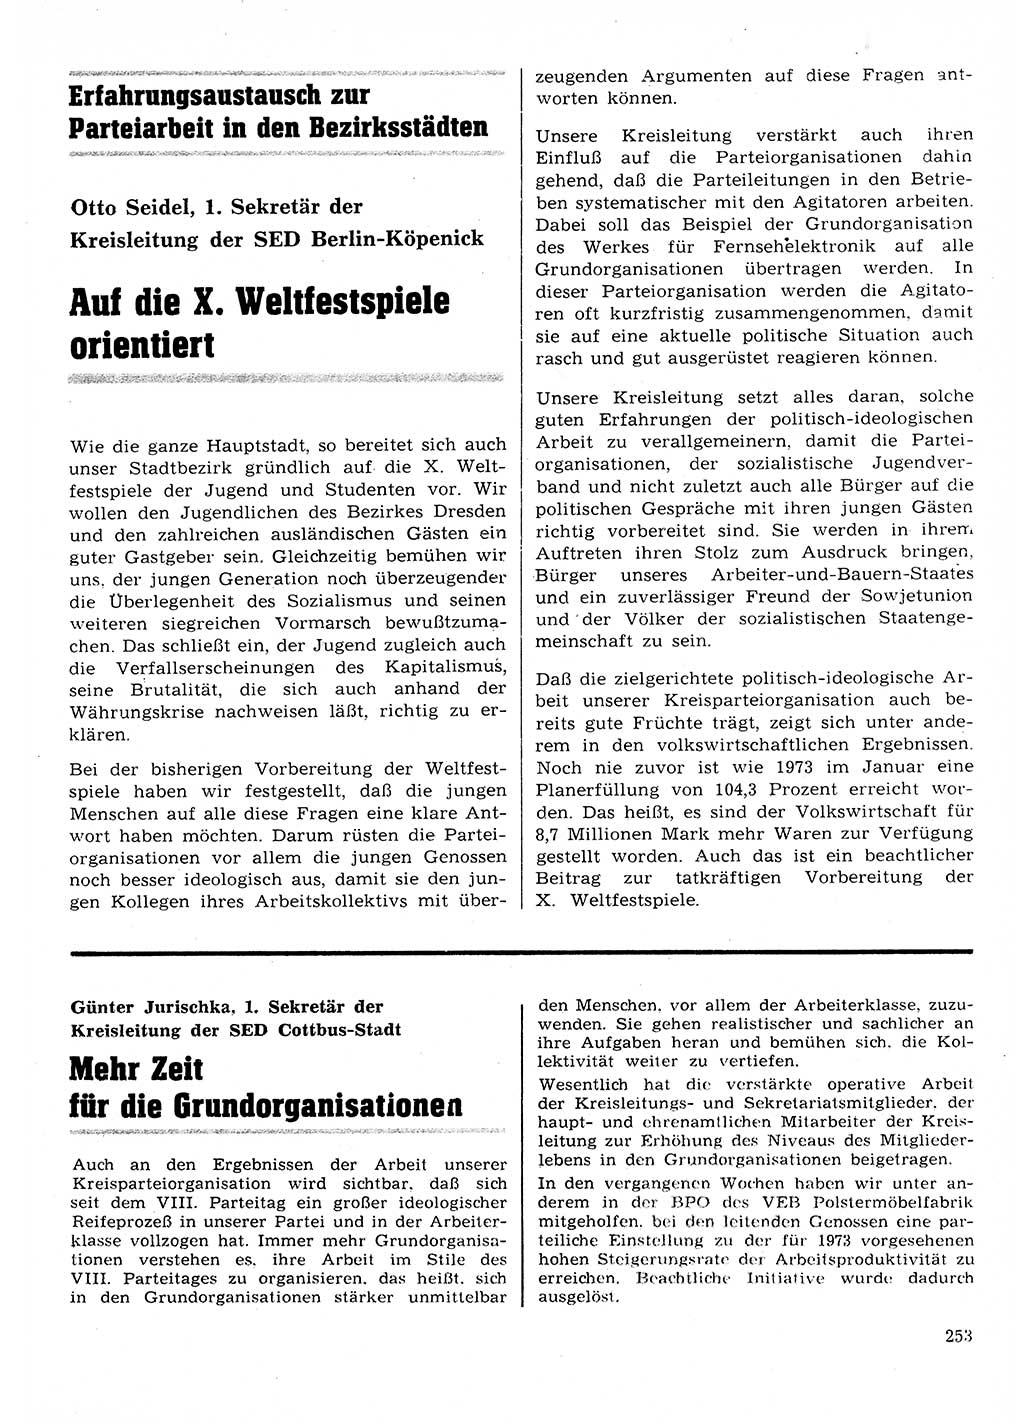 Neuer Weg (NW), Organ des Zentralkomitees (ZK) der SED (Sozialistische Einheitspartei Deutschlands) für Fragen des Parteilebens, 28. Jahrgang [Deutsche Demokratische Republik (DDR)] 1973, Seite 253 (NW ZK SED DDR 1973, S. 253)
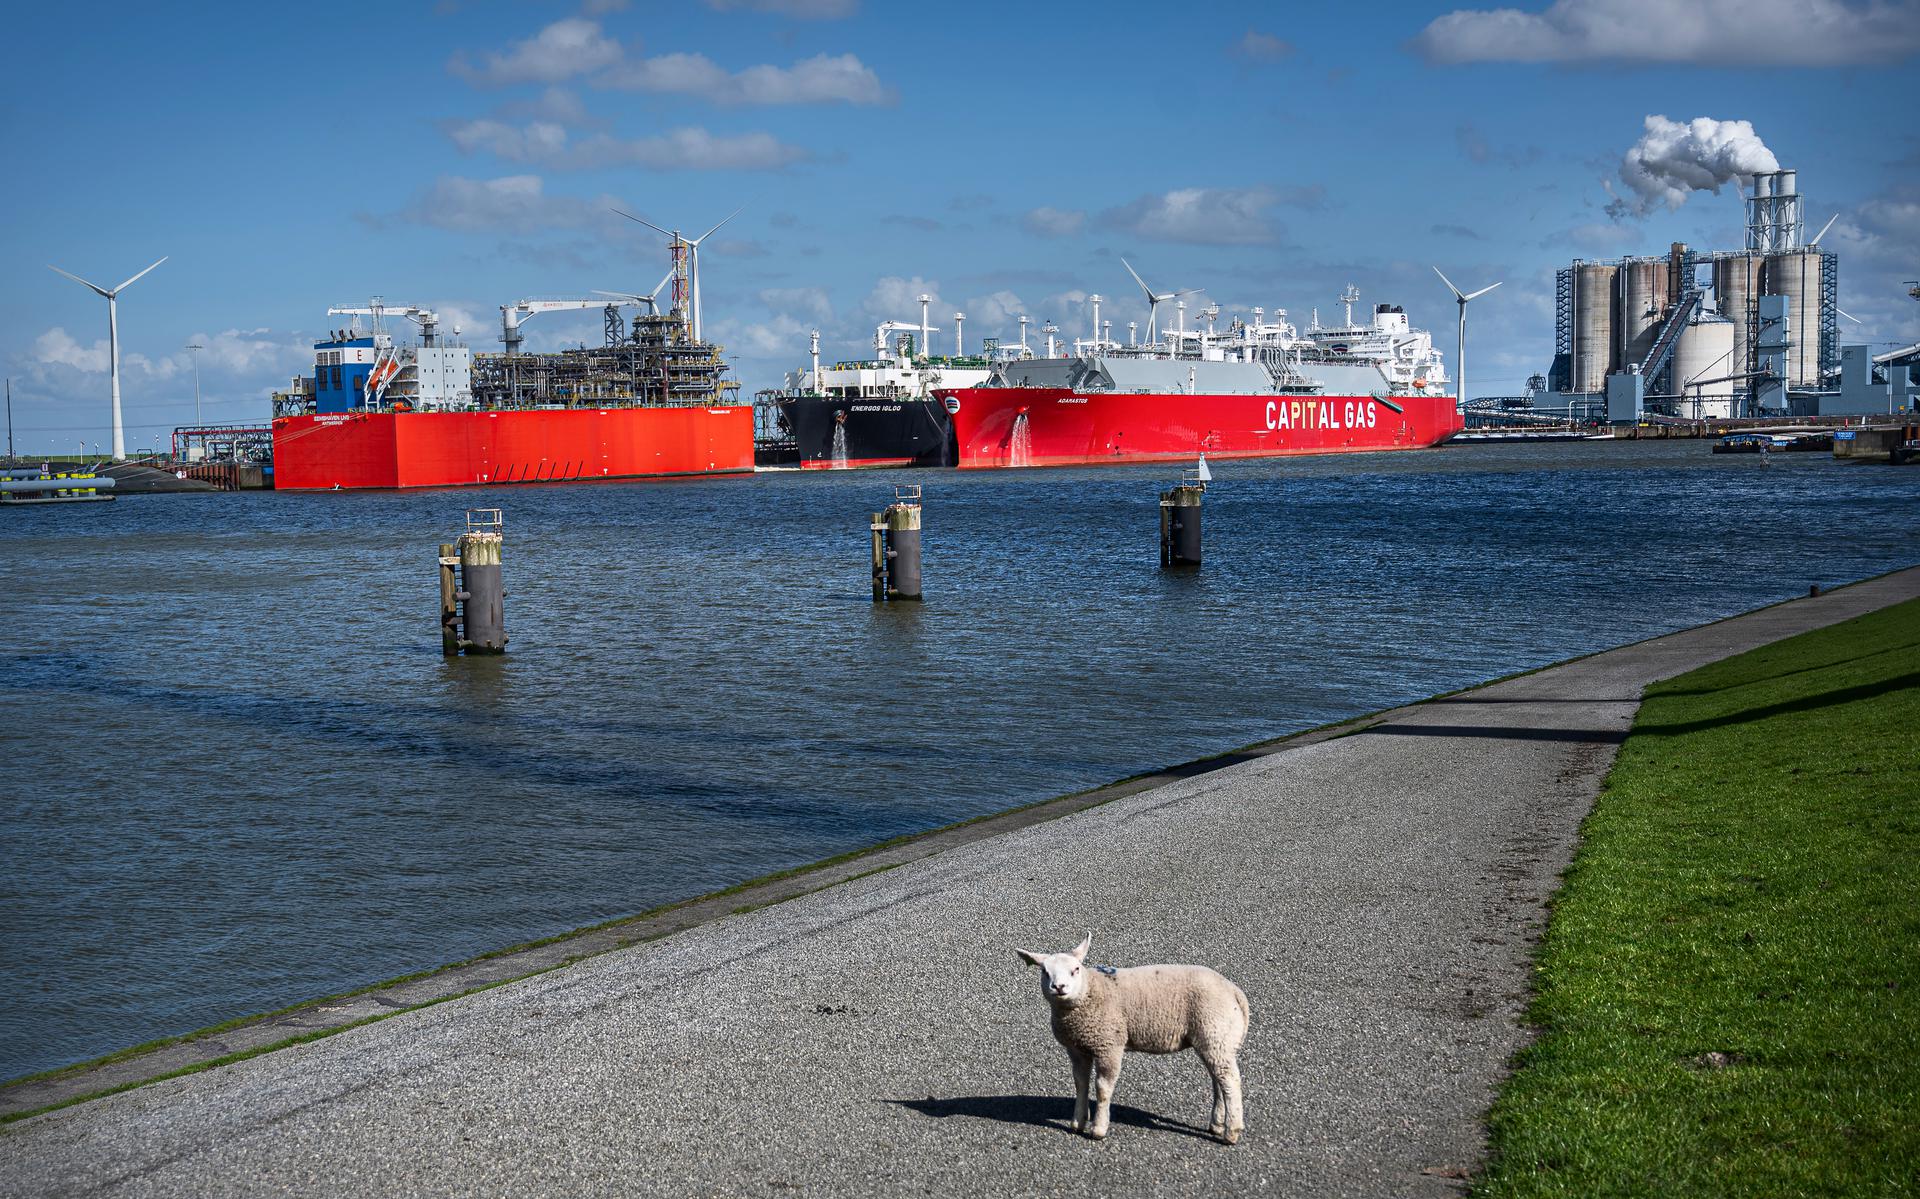 Een Amerikaanse LNG-tanker meert af bij de LNG-terminal in de Eemshaven. De Adamastos brengt 174.000 kuub LNG naar Nederland. De terminal in de Eemshaven is van groot belang voor de energievoorziening, niet alleen voor Nederland maar ook andere landen in West-Europa.
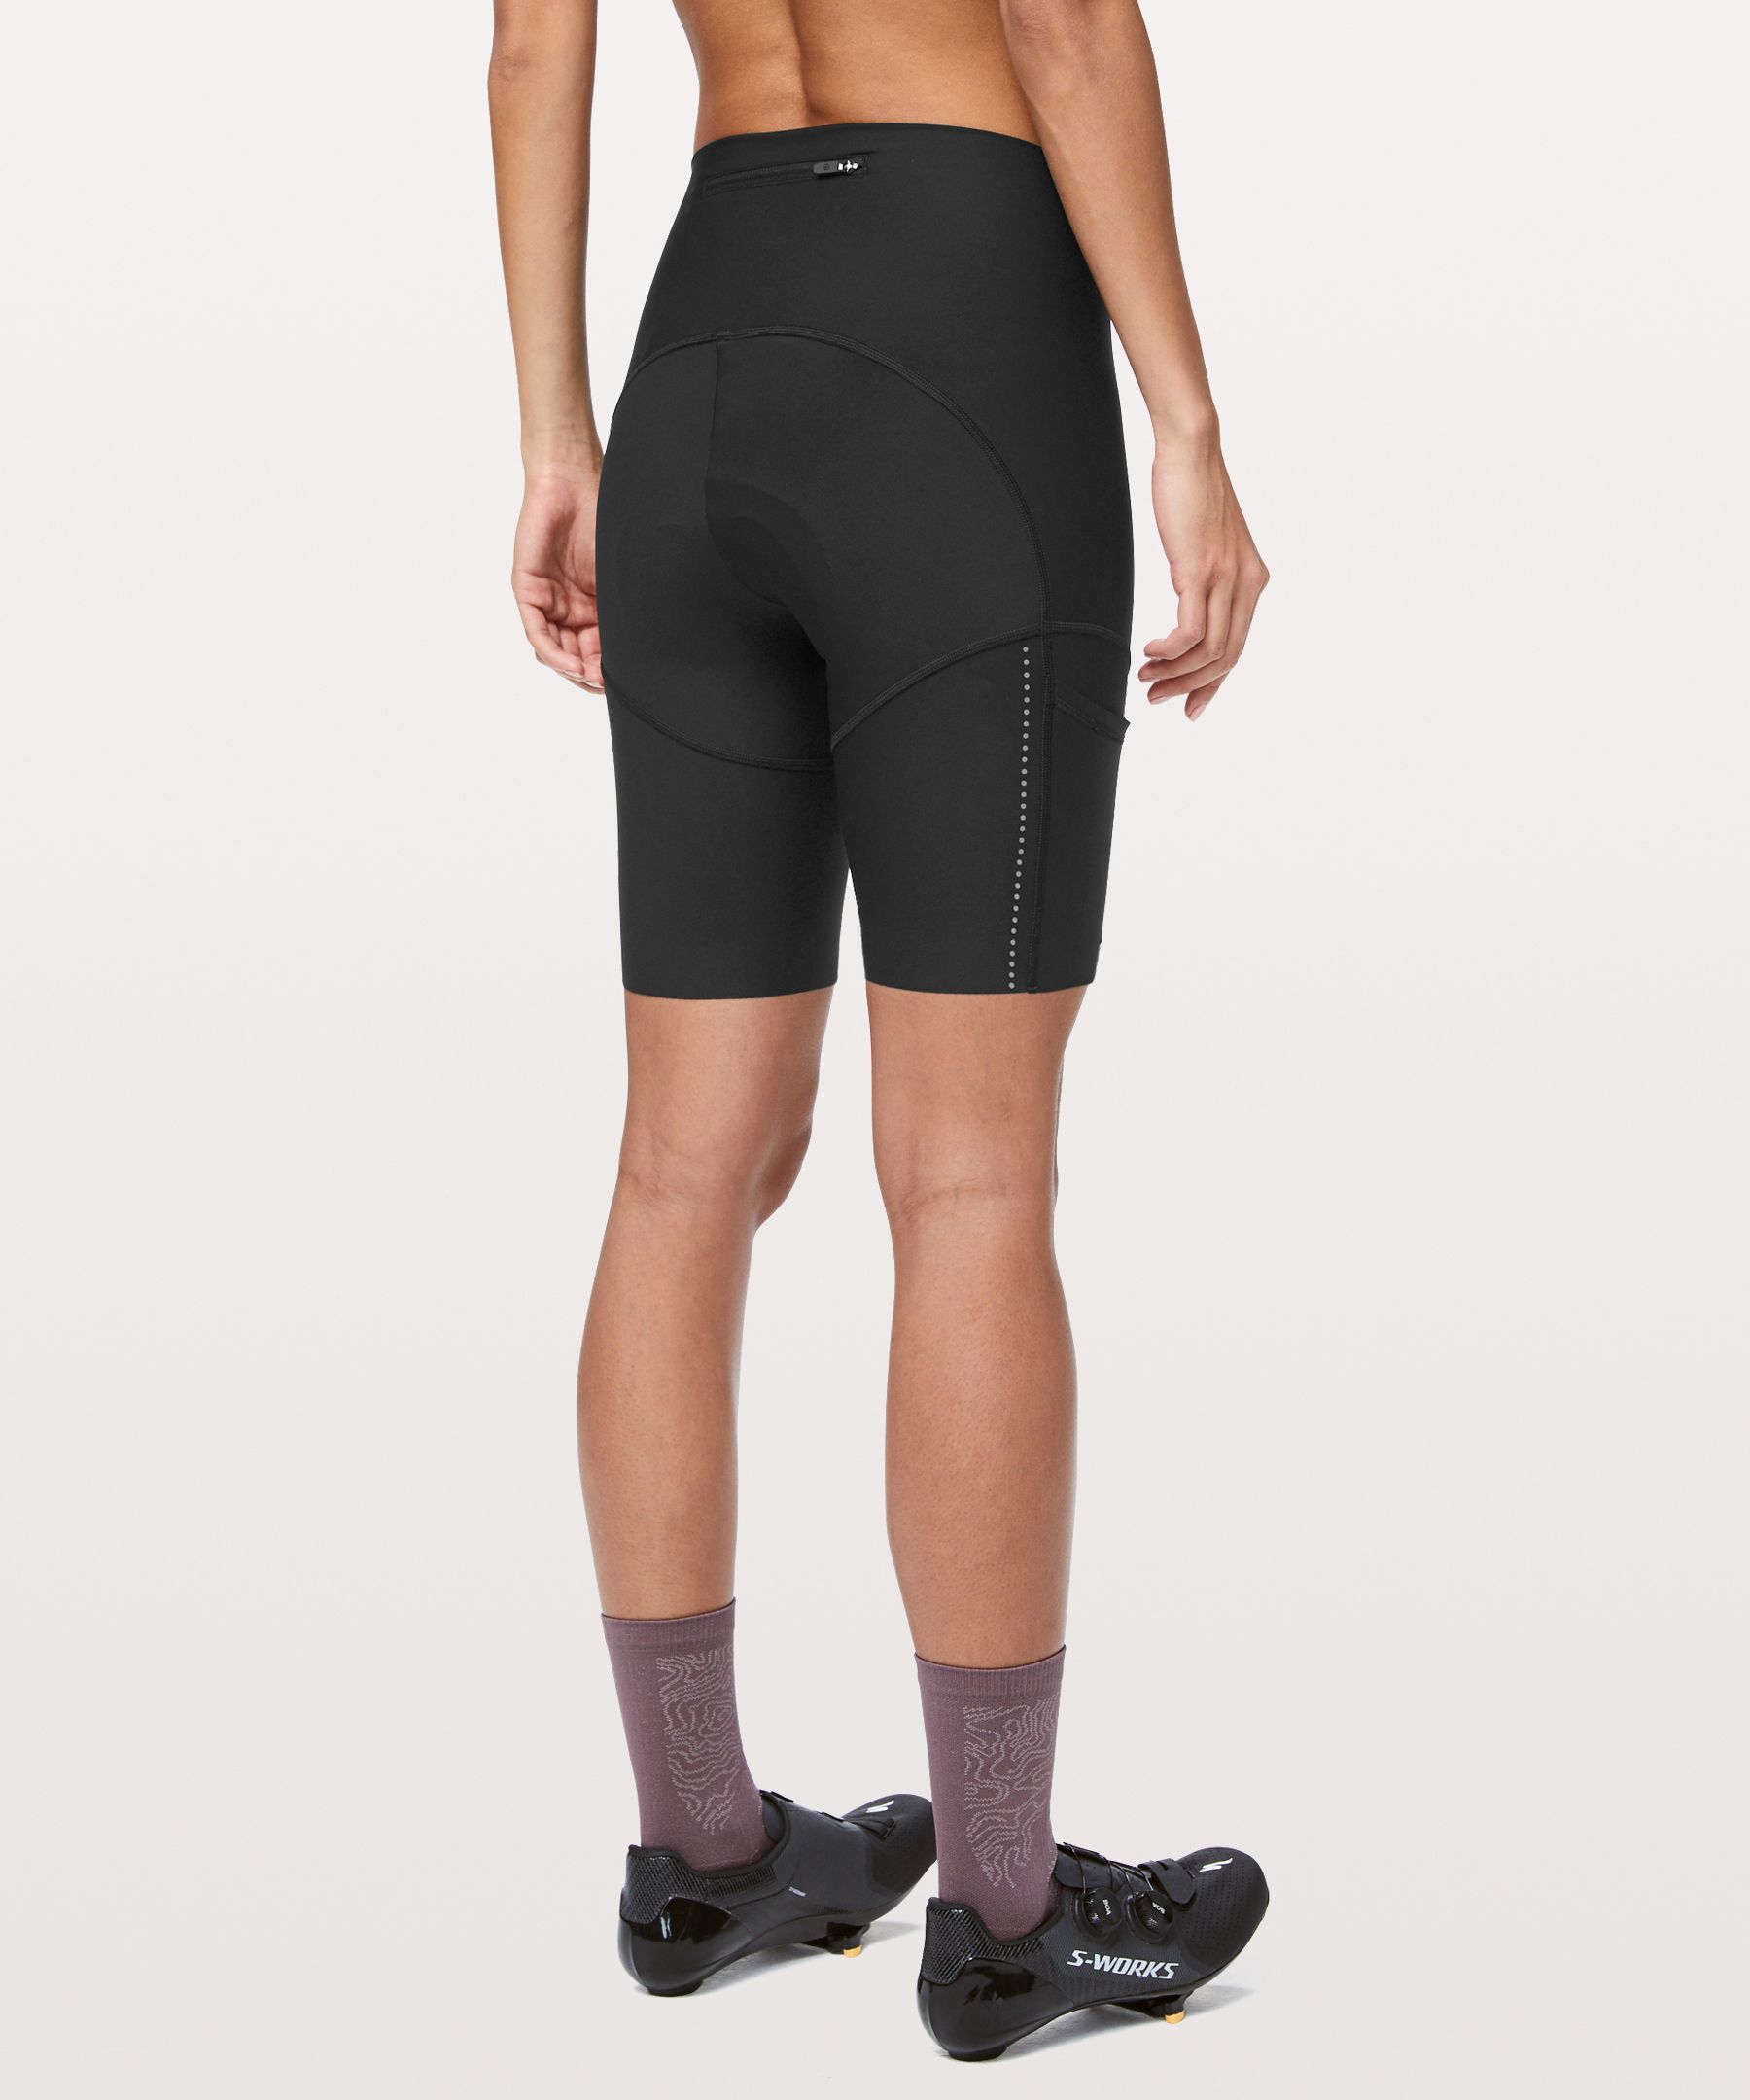 lulu bike shorts

====

To do =>
Your answer should hold only the lines from the one with "Een Amerikaanse LNG-tanker" through the final line of the listing above, transcribed exactly and without pictures.

Your solution =>
 Een Amerikaanse LNG-tanker meert af bij de LNG-terminal in de Eemshaven. De Adamastos brengt 174.000 kuub LNG naar Nederland. De terminal in de Eemshaven is van groot belang voor de energievoorziening, niet alleen voor Nederland maar ook andere landen in West-Europa.
 lulu bike shorts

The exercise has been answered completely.